Material and methods
Synthesis
Compounds 3-4-5 were prepared as described in Fig. 2 [12]. Compound 3 was synthesized from 1-
benzyl-4-piperidone and compounds 4 and 5 from 1-phenethyl-4-piperidone. Reductive amination of the
piperidones with phenylpyrazolyl or biphenyl amines, in presence of cyanohydridoborate as reductive
agent [13], afforded the corresponding aminopiperidines. Acylation was carried out in refluxing
propionic anhydride yielding compounds 3 and 5 and was achieved at room temperature with 3-
chloropropionyl chloride in dichloromethane at basic pH giving compound 4. The pharmacological
activity of compounds 3-5 has been evaluated on their oxalate salts.
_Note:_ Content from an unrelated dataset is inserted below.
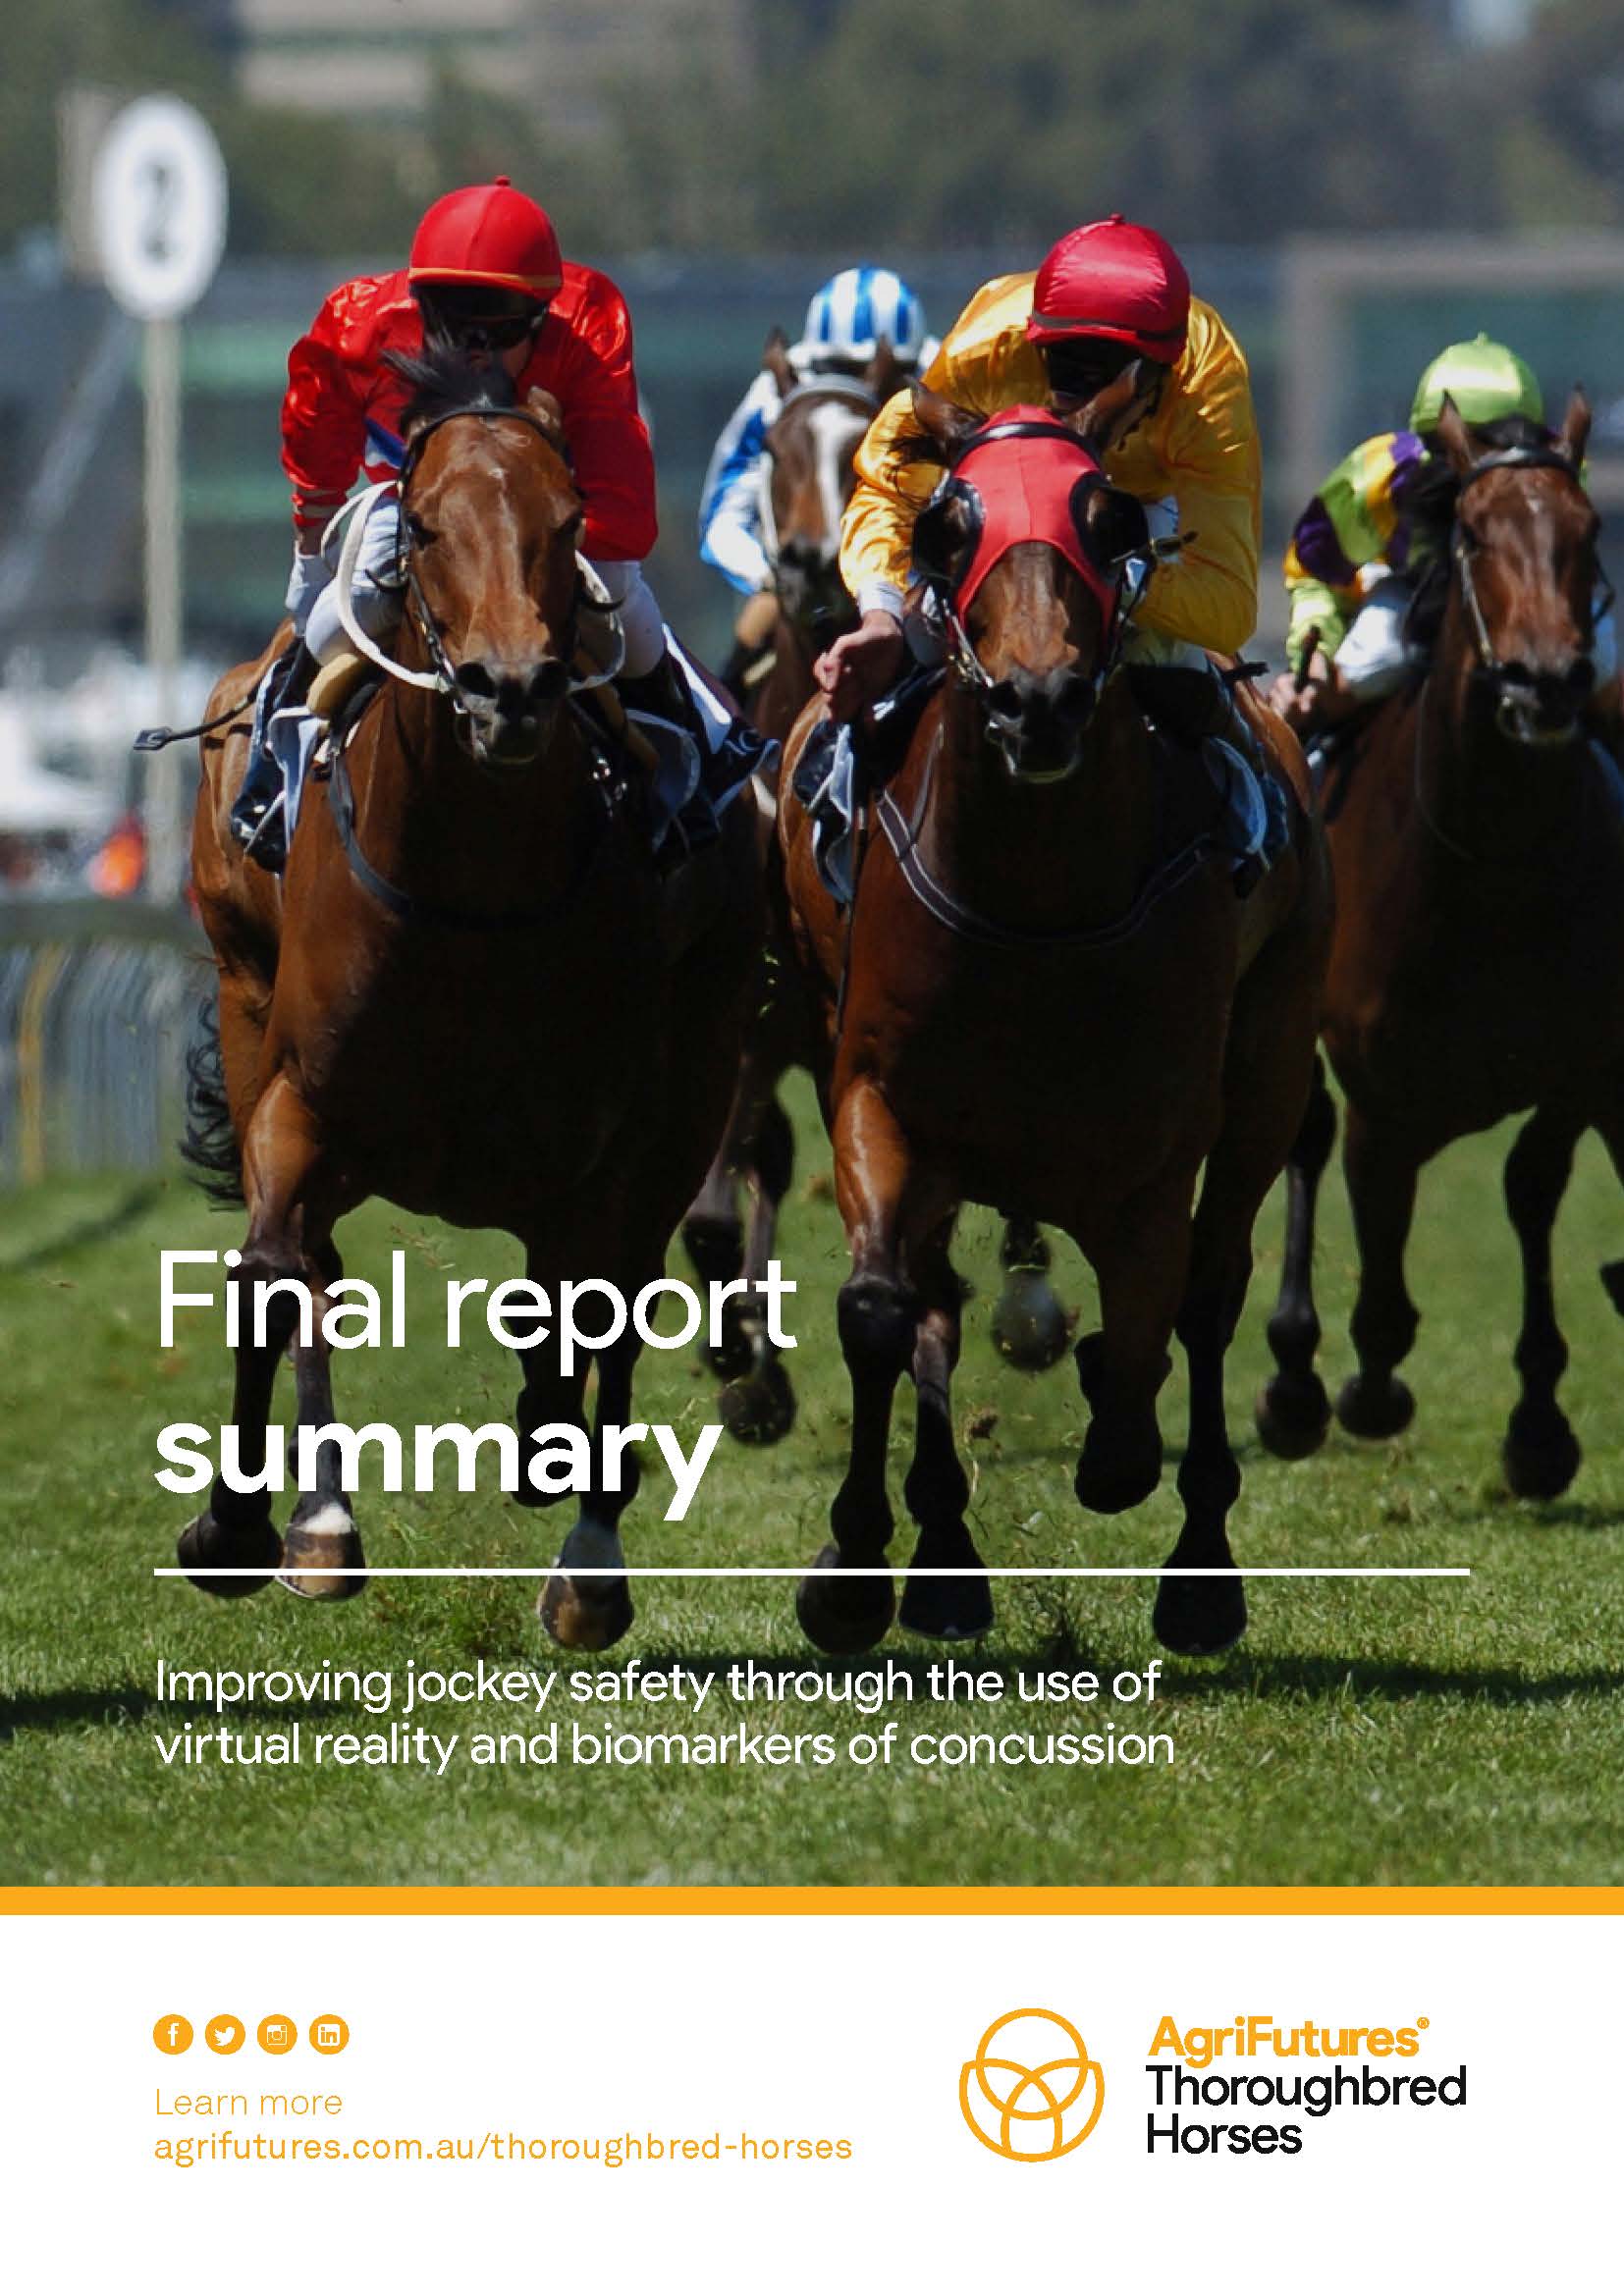 Final report summary: Improving jockey safety through the use of virtual reality and biomarkers of concussion - image
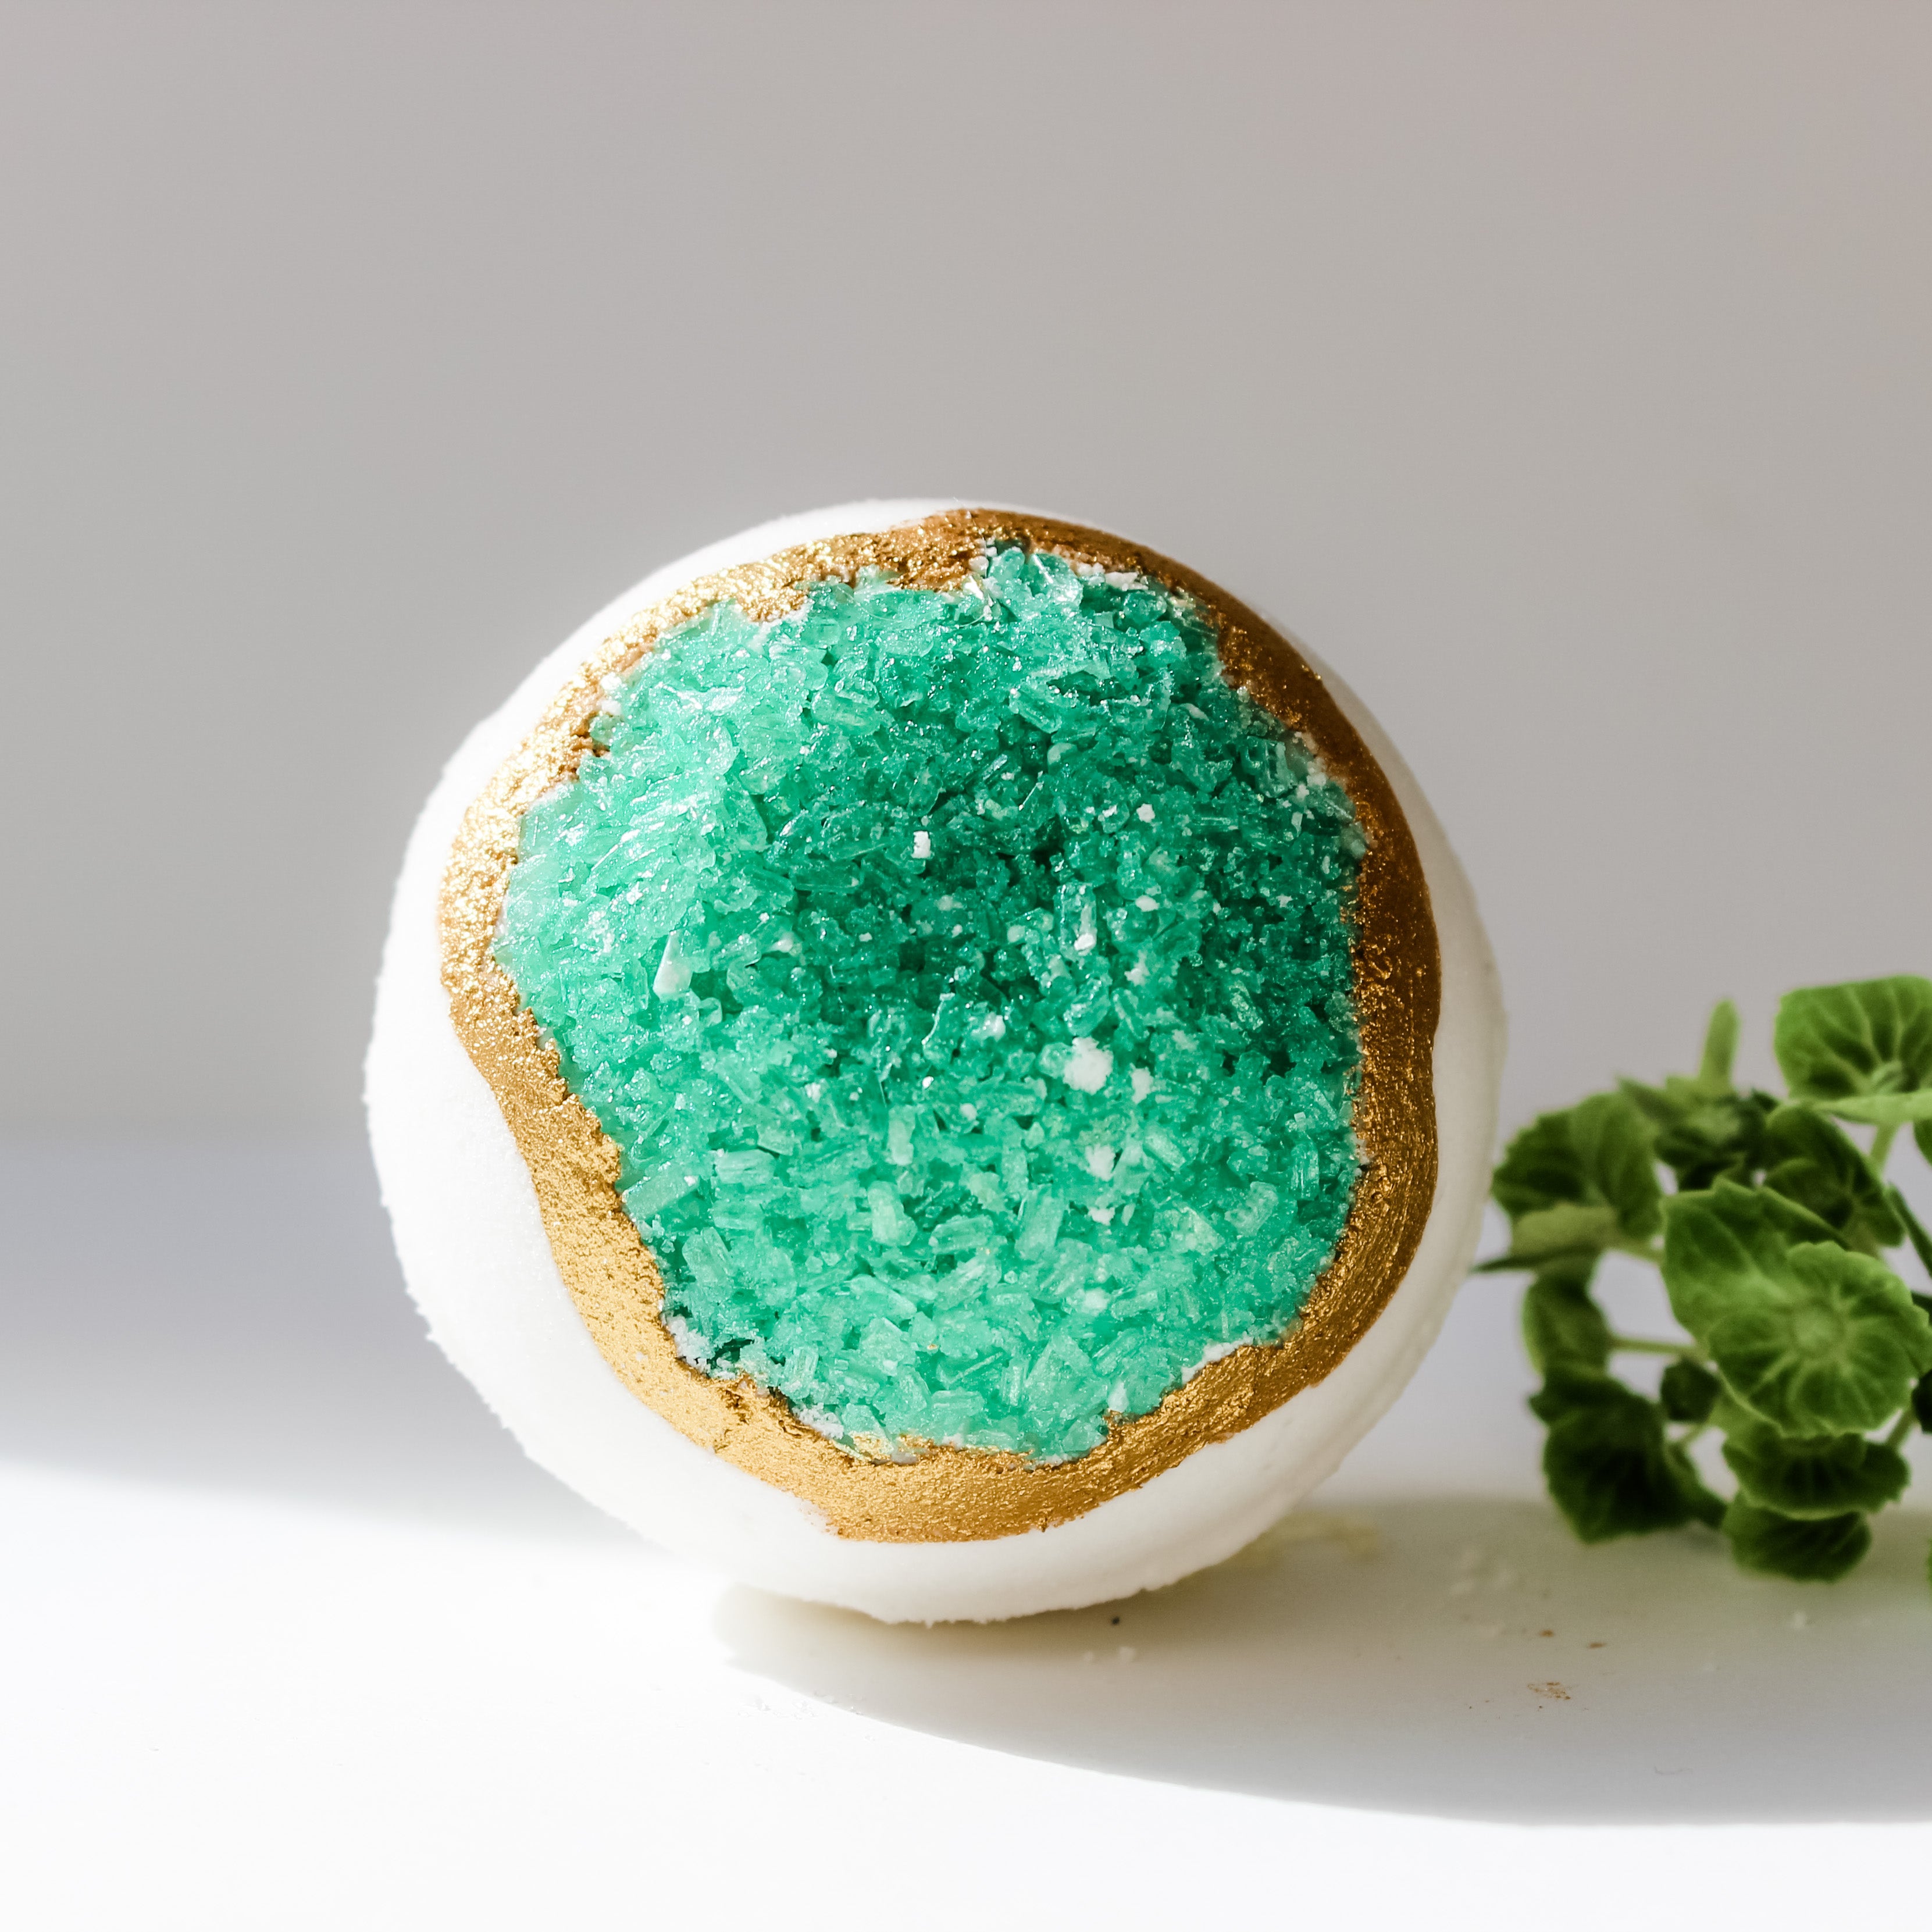 Emerald Empowerment Crystal Bath Bomb - Handmade with Natural Ingredients. Hidden Forest Naturals

These compounds have been fully
characterized by electrospray mass spectrometry and by NMR spectroscopy.
N-[1-(4-fluorophenyl)pyrazol-3-yl]-N-[1-benzyl-4-piperidyl) propanamide (3) [10]: overall yield =
50 %; mp (oxalate) = 192-193 jC; elemental analysis C₂₄H₂₇N₄OF.C₂H₂O₄ theorical (found): C: 62.90
(62.79); H: 5.84 (6.10); N: 11.29 (11.09).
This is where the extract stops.